Редкое судебное дело решается без взятки, население развращается шинками, по¬ощряемыми взяточничеством. Искусственно создаются судебные дела, а если обвиняемый заупрямится и не даст должной взятки, то постановляются жестокие приговоры. Однажды письмоводитель местного земского начальника привлек за кражу у него полога в три рубля, и когда немцы отказались дать взятку, то он сам выступил у своего патрона единственным свидетелем, и, несмотря на то, что дело это подсудно волостному суду, земский начальник приговорил немцев на 6 месяцев в тюрьму, требуя 600 руб. залога; когда же эти немцы из тюрьмы прислали жалобу на неправильный приговор, то земский начальник, не желая доводить до съезда, возвратил жалобу «за непредставлением копии с нее». Понятно, я не мог оставаться безучастным зрителем такого вопиющего злоупотребления, таких издевательств над своими сородичами и в качестве защитника в съезде без обиняков достойно охарактеризовал «деятельность» Готовицкого

Для прокормления голодного населения Сосновской волости казна учредила общественные работы, поручив заведование ими земскому начальнику. Казалось бы, самый отъявленный негодяй не решился бы покуситься на эти деньги, но Готовицкий и тут не постеснялся поживиться на счет голодного населения: он приказал занести в списки чернорабочих во всех селениях волости, где работы производились одновременно, своего письмоводителя, и таким мошенническим путем к липким рукам Готовицкого пристало несколько сот рублей.
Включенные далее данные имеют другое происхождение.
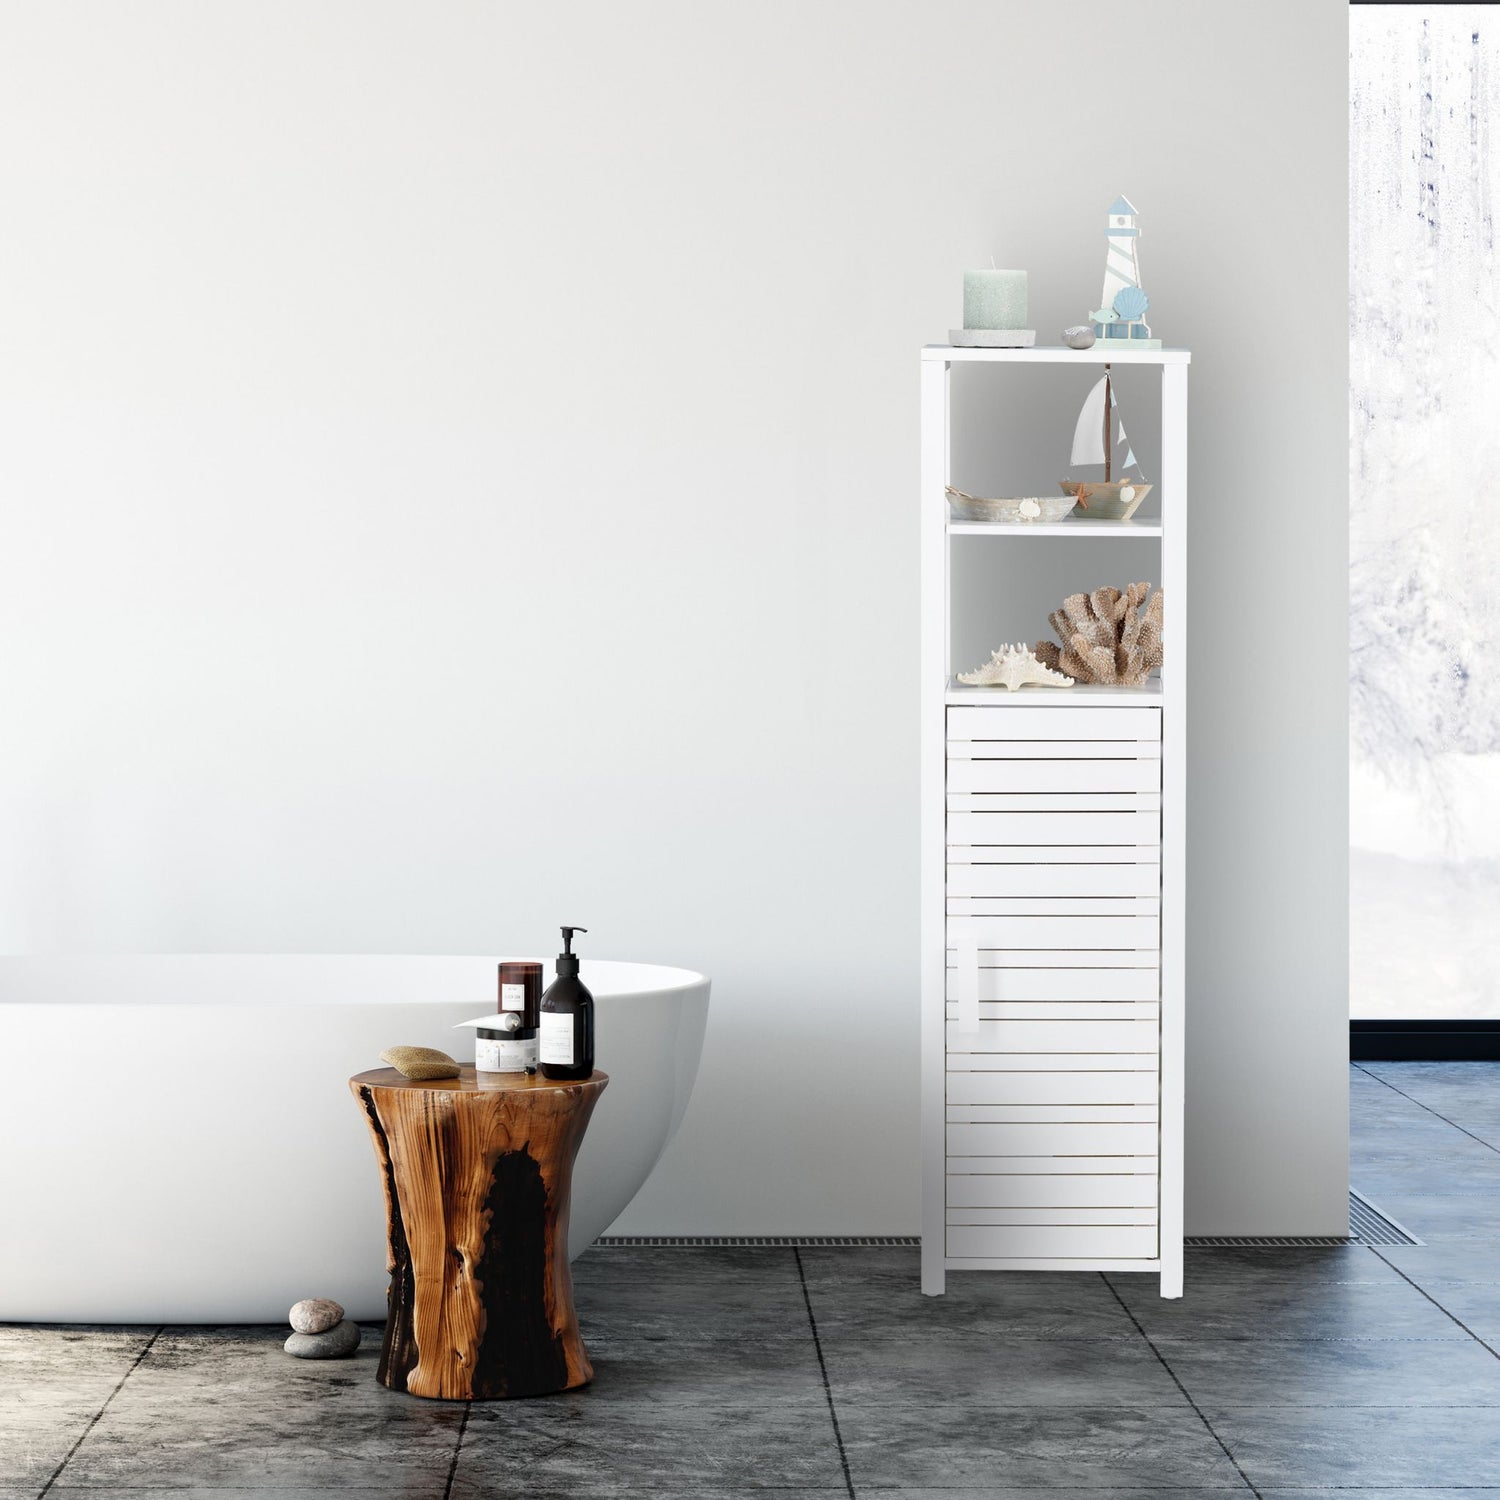 RelaxDays Bamboo Bathroom Shelf with Door Bamboo Bathrooms

Ни в одном благоустроенном государстве такие явления невозможны: ни один порядочный человек не подал бы руки такому негодяю, и всякий бы отвернулся бы от него с презрением; в правовом государстве всякий уважающий себя суд, прокурор или администратор посадил бы такого человека на скамью подсудимых.

У нас же, несмотря на то, что дело получило огласку и в суде и в печати, Готовицкий, этот темный делец, вскоре получил повышение по службе: назначен непременным членом землеустроительной комиссии и, кроме того, избран предводителем дворянства, состоя, таким образом, председателем всех уездных учреждений, а, между прочим, и председателем уездного съезда.

Широкое волжское раздолье создавало широкую натуру волжанина, которую центральная власть сначала Москвы, а затем еще более Петербурга старалась урезать строжайшими мерами и репрессиями, но тщетно: наш край не подчинялся предписанным строгостям и свои хартии вольностей получал от Стеньки Разина и Пугачева. Здесь был притон волжских разбойников, бежавших от гнета правительства и помещиков. В нашем уезде, в верстах 40 выше Камышина, на берегу Волги расположен бугор, сохранивший название бугра Стеньки Разина, с которого зрителю открывается волшебный вид на громадное пространство Волги и богатое Заволжье. Но никогда правительство не предпринимало разумных мер к водворению в этом богатом крае гражданственности, культуры и спокойствия. Как и раньше, до последнего времени девизом управления служит: «Разорю, не потерплю». Волга – лучший транзитный путь в мир. Богатства Поволжья неисчерпаемы это – бывшая житница России и Европы; а между тем вот уже 5 лет этот «богатый» край пользуется правительственной субсидией для собственного прокормления.

Понятно, такие ненормальности создают недовольство и протест в виде сопротивления властям, ниспровержения порядков и пр. С уверенностью можно сказать, что 75% всех арестантов в поволжских тюрьмах – политические, аграрные и административные. Но этот род арестантов является всегда самым беспокойным и требовательным элементом тюрьмы; он и в тюрьме все претендует на ту вольность, которой не может добыть вне тюрьмы; в искании вольности это неисправимые рецидивисты. Тюремная администрация всеми силами старается отделаться от этого беспокойного элемента и при первом удобном случае сбывает его с рук, сплавляет его.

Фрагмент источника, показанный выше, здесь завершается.